Любка поняла, что одного патриотизма не хватит. Нужно на практике показать свои умения, вот тогда-то, возможно, её и отправят хотя бы санитаркой в бой. Перед войной почти все подростки сдавали нормы на значки ПВХО, «Ворошиловский стрелок». Всё это, понятно, не шло ни в какое сравнение с военной учёбой, но у Любки были уже какие-то знания и умения.

Через Краснодон проходили многие военные части, открыли курсы молодых лейтенантов. Люба не могла упустить эту свою возможность – она упрашивала военных, которые стояли у них дома, научить и её.

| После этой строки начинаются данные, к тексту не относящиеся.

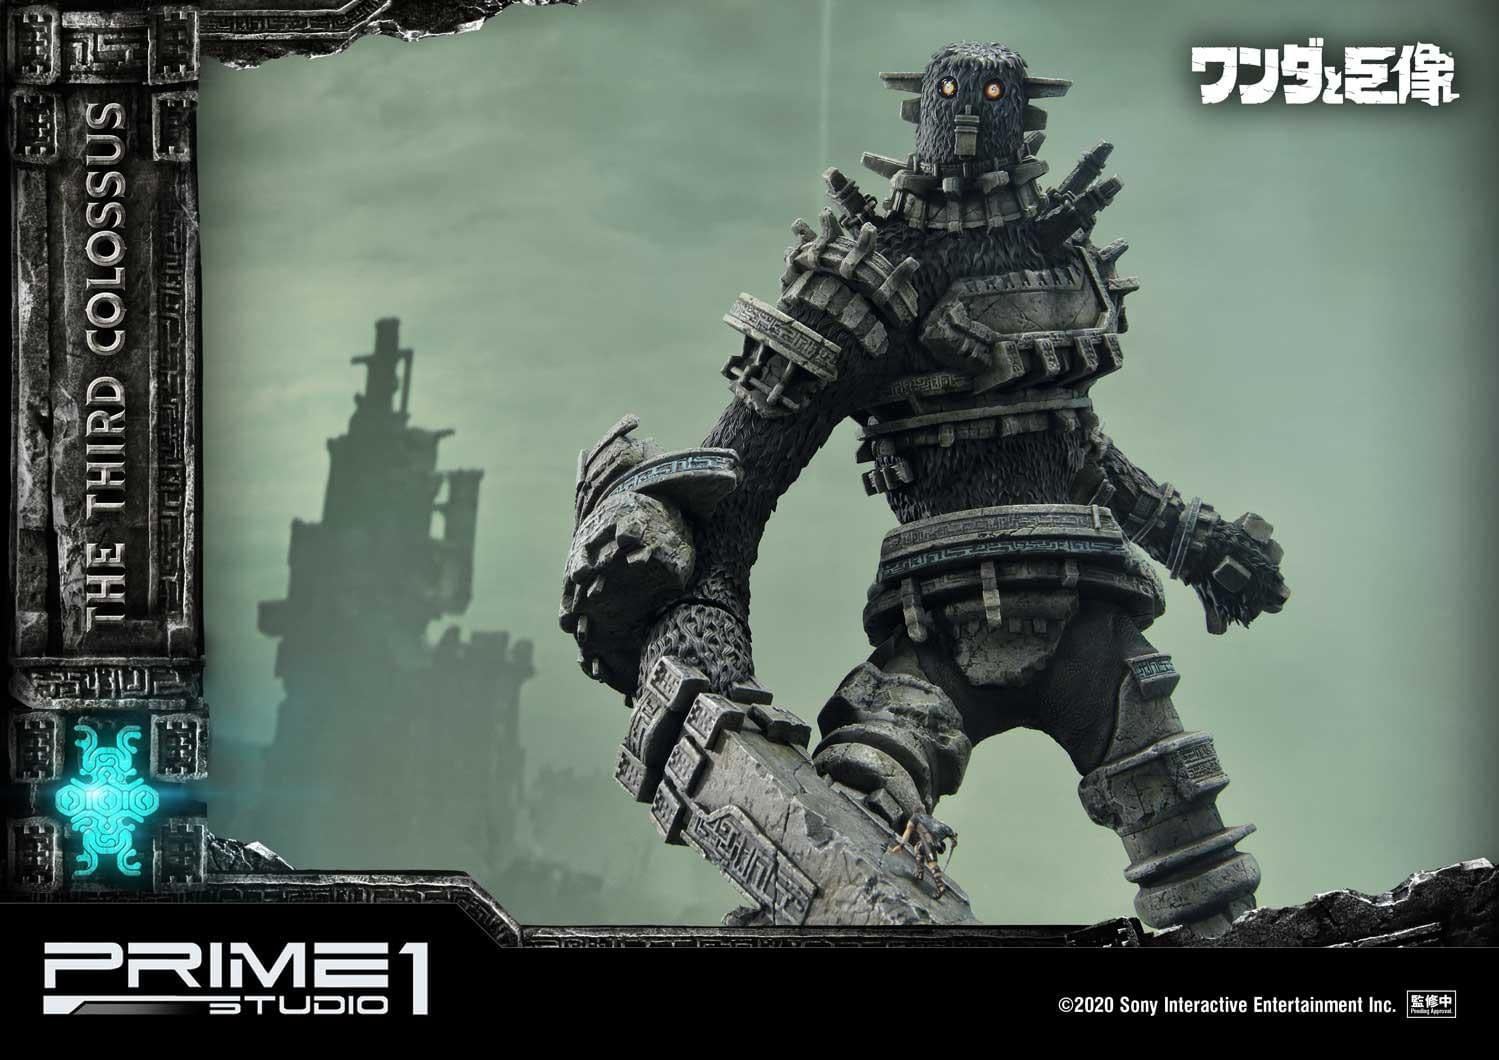 Watch one of the best boss fights from the Shadow of the Colossus

Ну кто мог устоять перед природным обаянием девушки? Какой-то лейтенантик согласился учить Любу прицельной стрельбе. Однако нарушение устава не привело ни к чему хорошему – Любка не вовремя выскочила из своего укрытия и пуля попала в ногу. Повезло, ранение оказалось касательным.

Девушка две недели хромала, скрывая от матери, а затем поехала со своей бригадой художественной самодеятельности в расположившуюся неподалёку воинскую часть. Танцевала, пела, не показывая своей боли зрителям и товарищам. Конечно же, не обошлось без бурных аплодисментов и вызовов на «бис». И снова танцы, танцы. После окончания концерта Любка бесчувственно рухнула на руки ребят из бригады. А всего лишь через неделю нога болеть перестала.

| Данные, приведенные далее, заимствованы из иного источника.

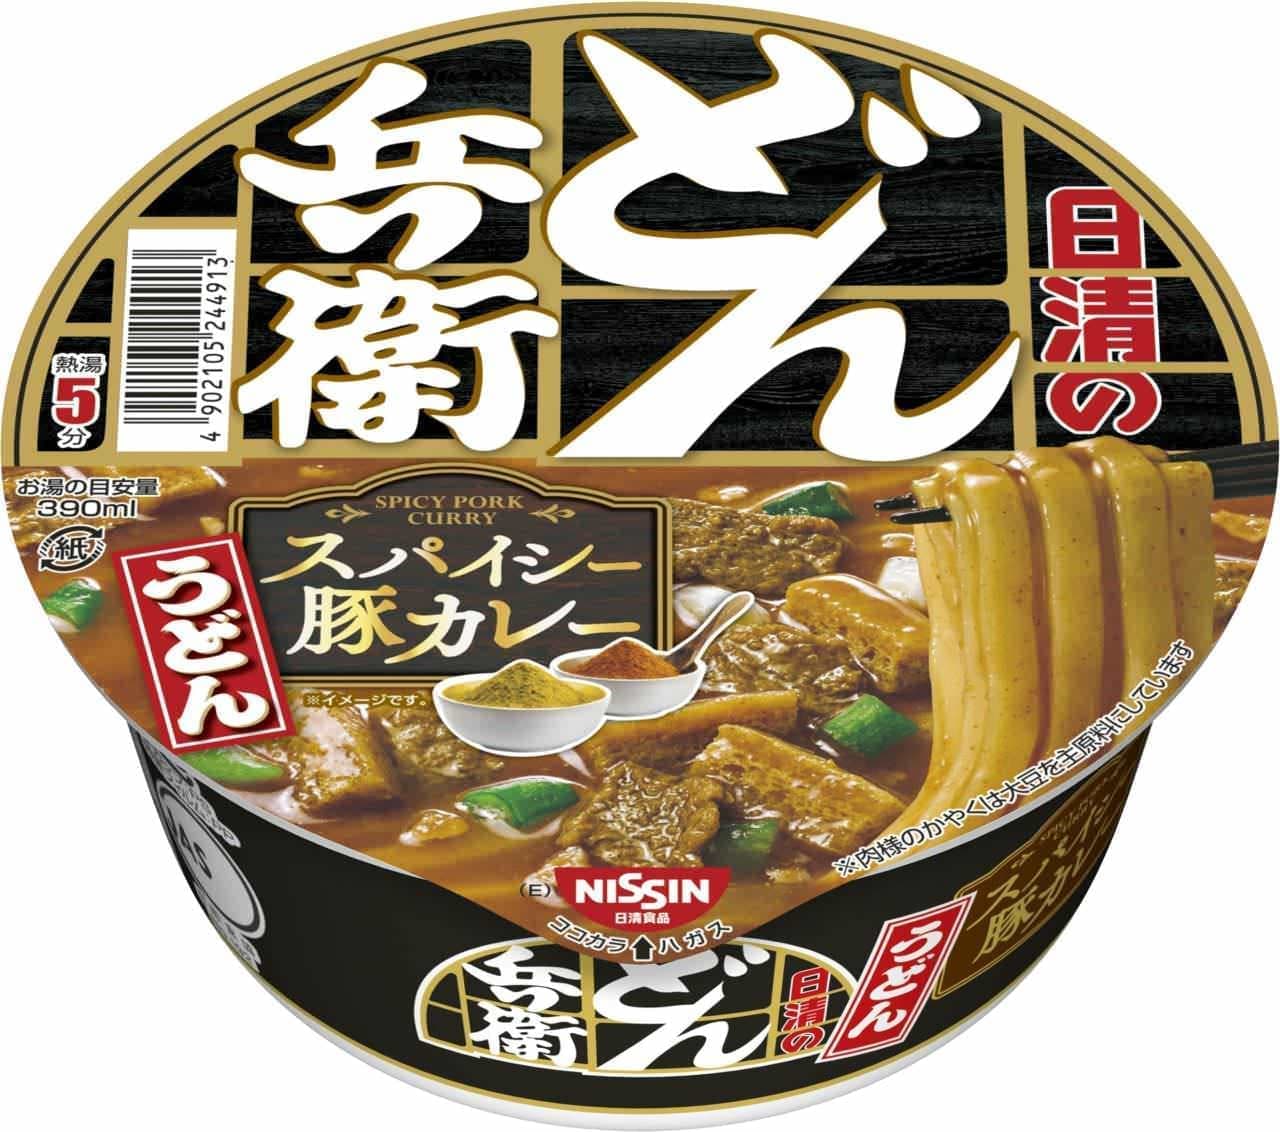 Nissin Donbei Spicy Pig Curry Udon

В тяжёлое время пригодилось Любе и детское увлечение медициной – она стала узнавать у подруг и своих соседок о курсах медсестёр. Ещё девушка слышала какие-то слухи о школах разведчиков, но ничего толком не могла узнать, потому что всё было засекречено.

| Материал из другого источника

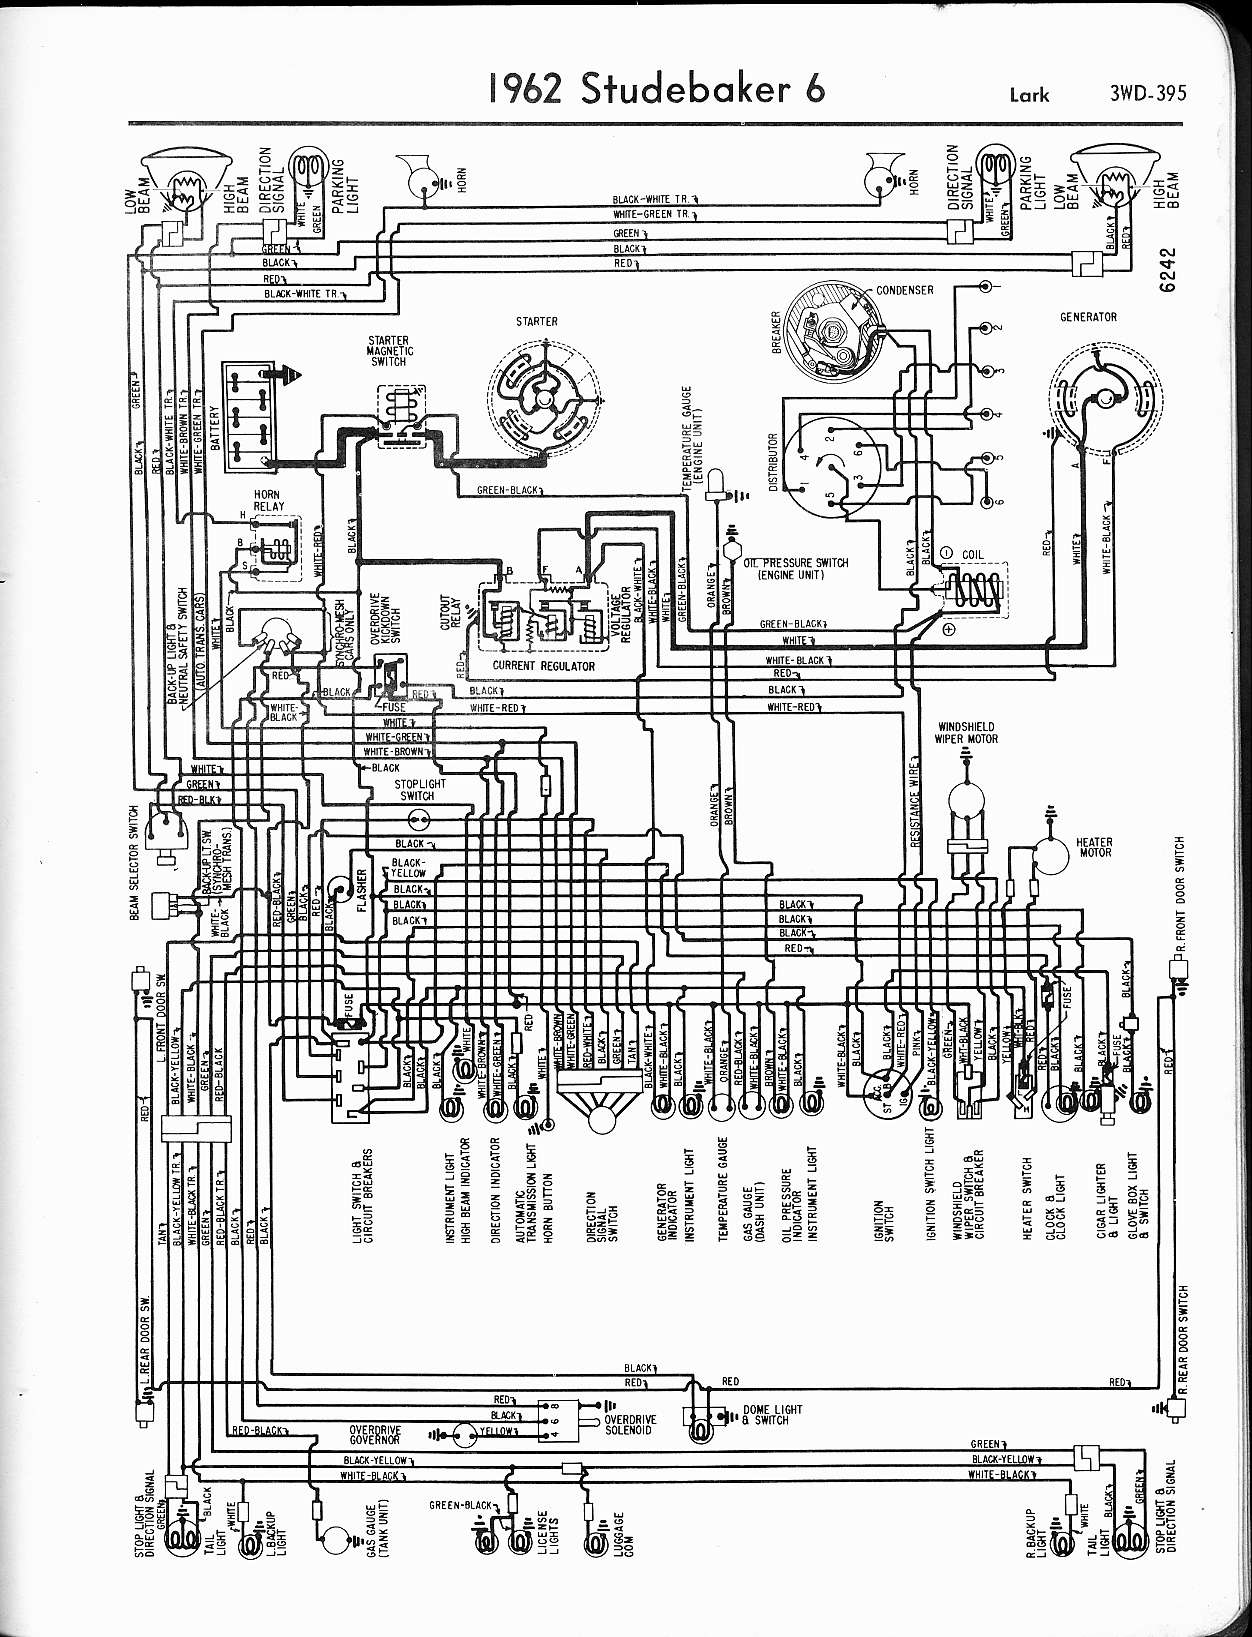 Studebaker wiring diagrams - The Old Car Manual Project dodge d100 wiring diagram

Новый 1942 год встречали невесело. Да и кому было до веселья! Шли первые похоронки, от многих попросту не было вестей. Бывшие компании друзей почти не встречались, мальчишки (да и многие девушки) ушли на фронт. Тосты теперь звучали лишь за родных и близких, за то, чтобы советский народ победил проклятых фашистов.

Прошло немного времени после наступления нового года, к Любе зашла её хорошая подруга Шура Панченко. Девушка тихонько позвала Шевцову на улицу.

- Мне Валя сказала, что идёт набор комсомольцев в спецшколу, - коротко сказала Шура.

Валя была комсоргом шахты №1-бис.

- В какую, Шурочка, в какую? – горячо зашептала Люба, сверкая васильковыми глазами.

- Мне Валя ничего не говорила, там узнаете.

- Ах, Шура... - горько сказала Шевцова. – Так я ж не комсомолка... Но я вступлю! В ближайшие дни, обязательно вступлю!

Шестого февраля 1942 года Люба была принята в комсомол, а тридцать первого марта написала заявление с просьбой зачислить её в школу радистов.

В те дни многие покидали Краснодон, эвакуировались. К Любе в апреле заглянула её одноклассница, чтобы попрощаться перед отъездом под Сталинград. Шевцова попросила подругу остаться и спеть песен, которые они так любили. Девушки сидели на крыльце Любиного дома, пели и плакали, прощаясь.

Когда одноклассница уже собралась уходить, Люба тихим глуховатым голосом, в котором слышалась решительность, сказала ей:

- Ты уедешь, а я останусь... Но сидеть просто так я не буду!

Любка потом ещё немного погрустила, но вскоре вновь занялась своим делом. Юность для неё кончилась, хотя возраст был ещё самый нежный и мечтательный – семнадцать лет. Но война не щадила никого, в войне неважен возраст, она забиралась всех без разбора.

Люба и Шура ходили в райком комсомола на беседу. Затем обе получили повестки из НКВД, и снова беседы, беседы. Одни и те же вопросы, одни и те же ответы:

- Нет, не боимся. Не выдадим. Знаем, выдержим.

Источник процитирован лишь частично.